21. Each company and cooperative shall pay to the Municipal Administration Council with jurisdiction over its business operations, a territorial tax, that will be set centrally according to the specific characteristics of each municipality, as a contribution to local development.

Section on Cooperatives

25. Grade 1 cooperatives shall be established as a socialist form of joint ownership in various sectors.  A cooperative is a business organization that owns its estate and represents a distinct legal person.  Its members are individuals who contribute assets or labor and its purpose is to supply useful goods and services to society and its costs are covered with its own income.

26. The legal instrument that regulates the cooperatives must make sure that this organization, as form of social property, is not sold or otherwise assigned in ownership to any other cooperative or any non-State organization or any natural person.

27. A cooperative maintains contractual relations with other cooperatives, companies, State-funded entities and other non-State organizations.  After satisfying its commitment with the State, the cooperative may pursue sales operations free from intermediaries and in accordance with the business activity it is authorized to perform.

28. Subject to compliance with the appropriate laws and after observance of its tax and contribution obligations, each cooperative determines the income payable to its employees and the distribution of its profits. 

29. Grade 2 cooperatives shall be formed and the partners of which shall be Grade 1 cooperatives.  A Grade 2 Cooperative shall represent a separate legal person that owns assets.  The purpose of this cooperative is to pursue supplementary related activities or conduct operations that add value to the goods and services of its partners (such as production, service and marketing operations) or carry out joint sales and purchases for greater efficiency.

Territories

35. The Provincial and Municipal Administration Councils will discharge State duties and will not intervene directly in the management of any business.

36. The state functions exercised by provincial and municipal sectorial offices will be defined in relation to the functions discharged by the Central Government Bodies, and the applicable scopes of competence, links, operating rules and working methodologies of each authority will de identified. 

37. The implementation of local projects by Municipal Administration Councils, in particular for food production, is a work strategy for municipal food self-reliance.  Mini-industries and service centers must be promoted on the principle of financial sustainability as a key feature that must be harmoniously consistent with both the municipal goals and the objectives of the national economic plan.  Upon their completion, the local projects will be managed by organizations based in the municipality.

Within the articles and the policy guidelines quoted above are apparent contradictions.

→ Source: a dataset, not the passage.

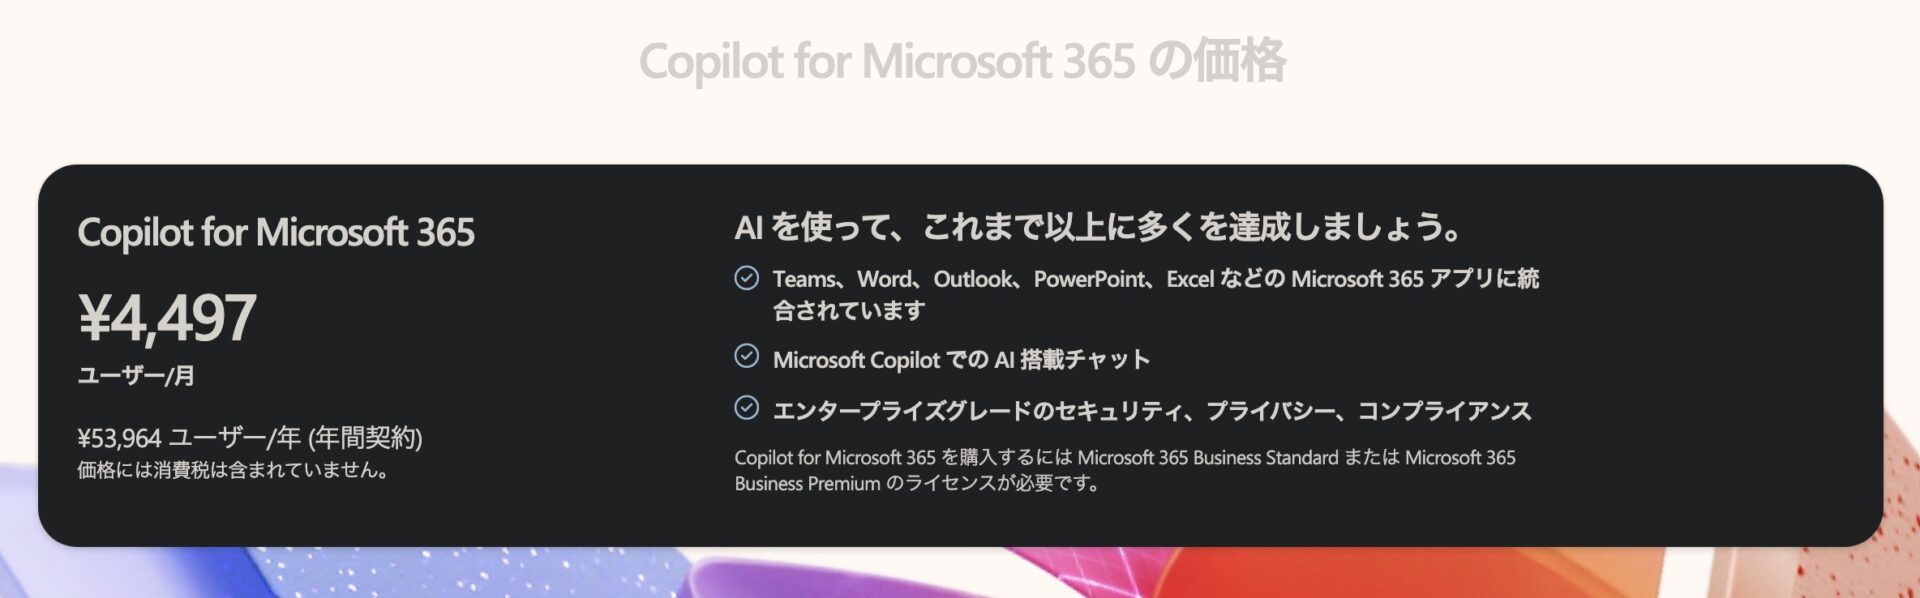 Copilot for Microsoft 365 の価格のスクショ。
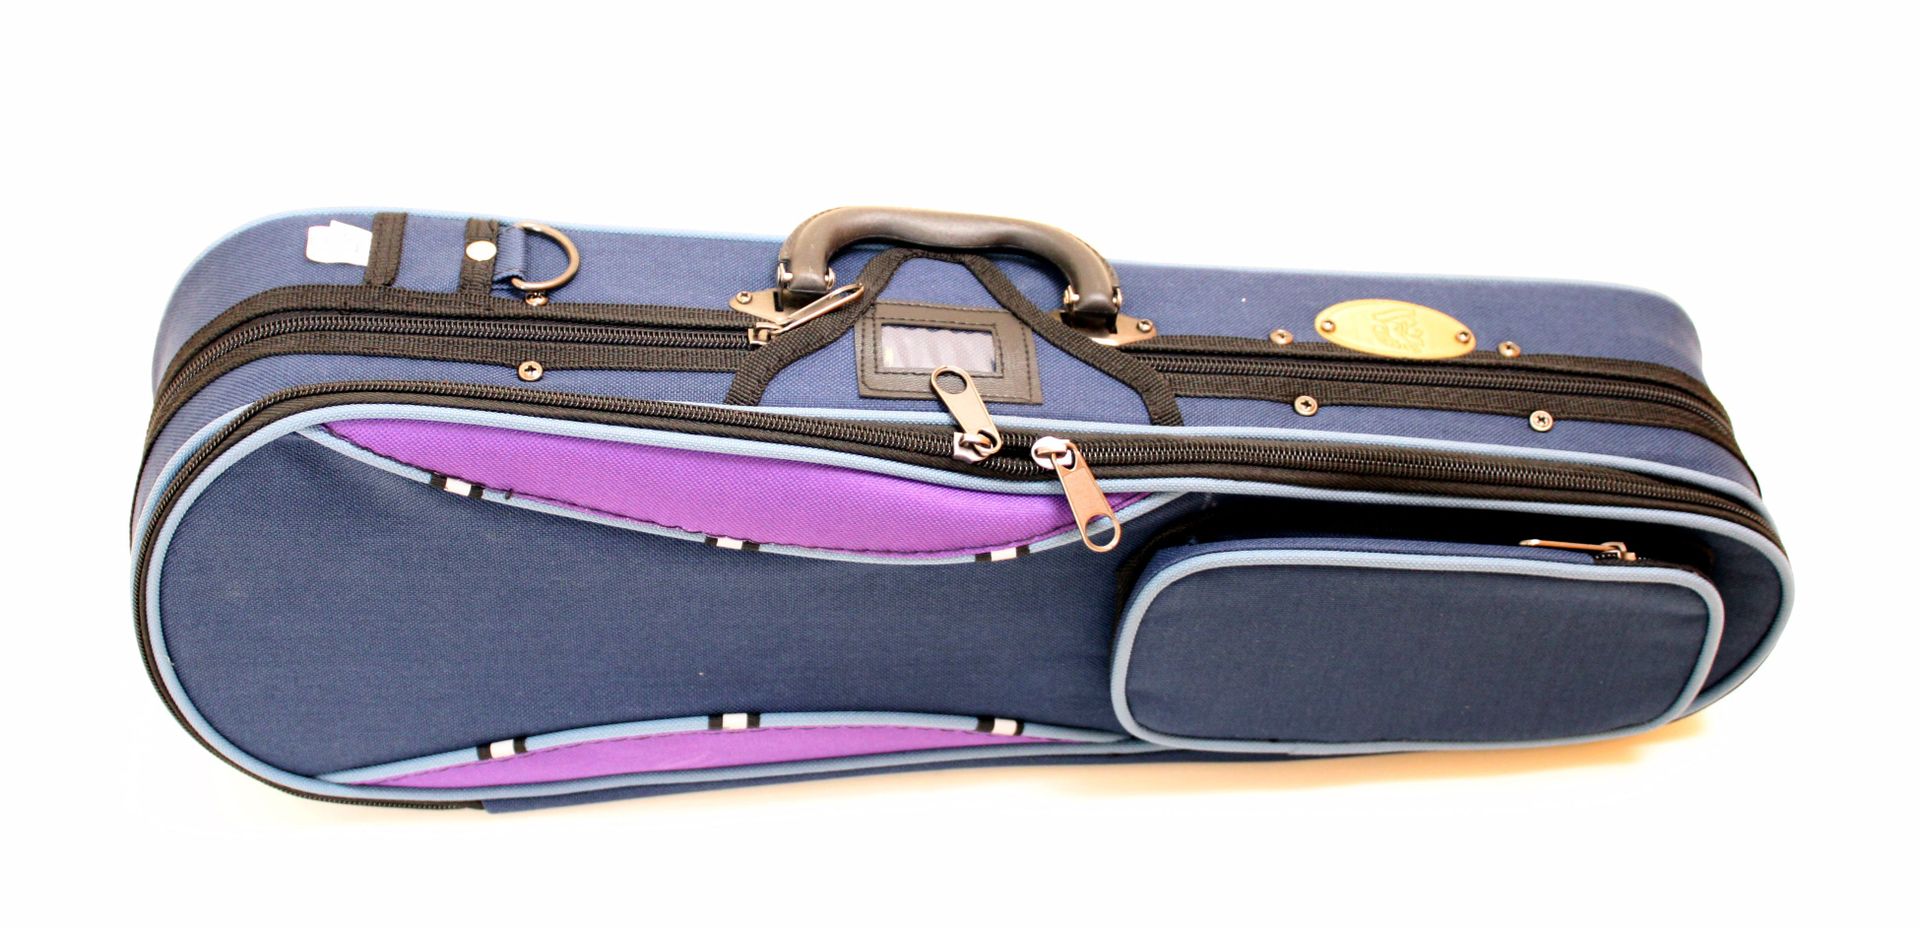 Streichzubehoer - Etui für Violine 1|16 Größe Form Koffer von Stentor incl.Träger - Onlineshop Musikhaus Markstein

For one thing, it becomes apparent that there is a need to end the process of centralization and nationalization that has produced high indicators of inefficiency in the Cuban economy. But in parallel, due to the desire of the nation’s leadership to maintain economic control, affirm that there could be a new form of central planning adapted to the new context. That is, the Guidelines speak of the need to take the market into account, but at the same time reject it. This ambiguity will create discretion in applying the law, becoming one more stimulus for corruption.

Any modern economy must have a basis in clear and transparent rules, which encourage the entrepreneurial spirit in society, and not on arbitrariness. This thesis, which is very simple, is the basis of any modern functioning society. It is essential that an atmosphere of trust and confidence exists for both domestic and foreign investments. As well explained by the Peruvian economist Hernando de Soto, there is a strong correlation between the clear establishment and enforcement of property rights, the rule of law, and efficiency in the functioning of free markets [4].

Unfortunately, in our country only select business groups, many of them associated with the Revolutionary Armed Forces (FAR) and the Ministry of the Interior (MININT), enjoy the benefits of operating under a market economy, creating monopolies that control the entire Cuban market.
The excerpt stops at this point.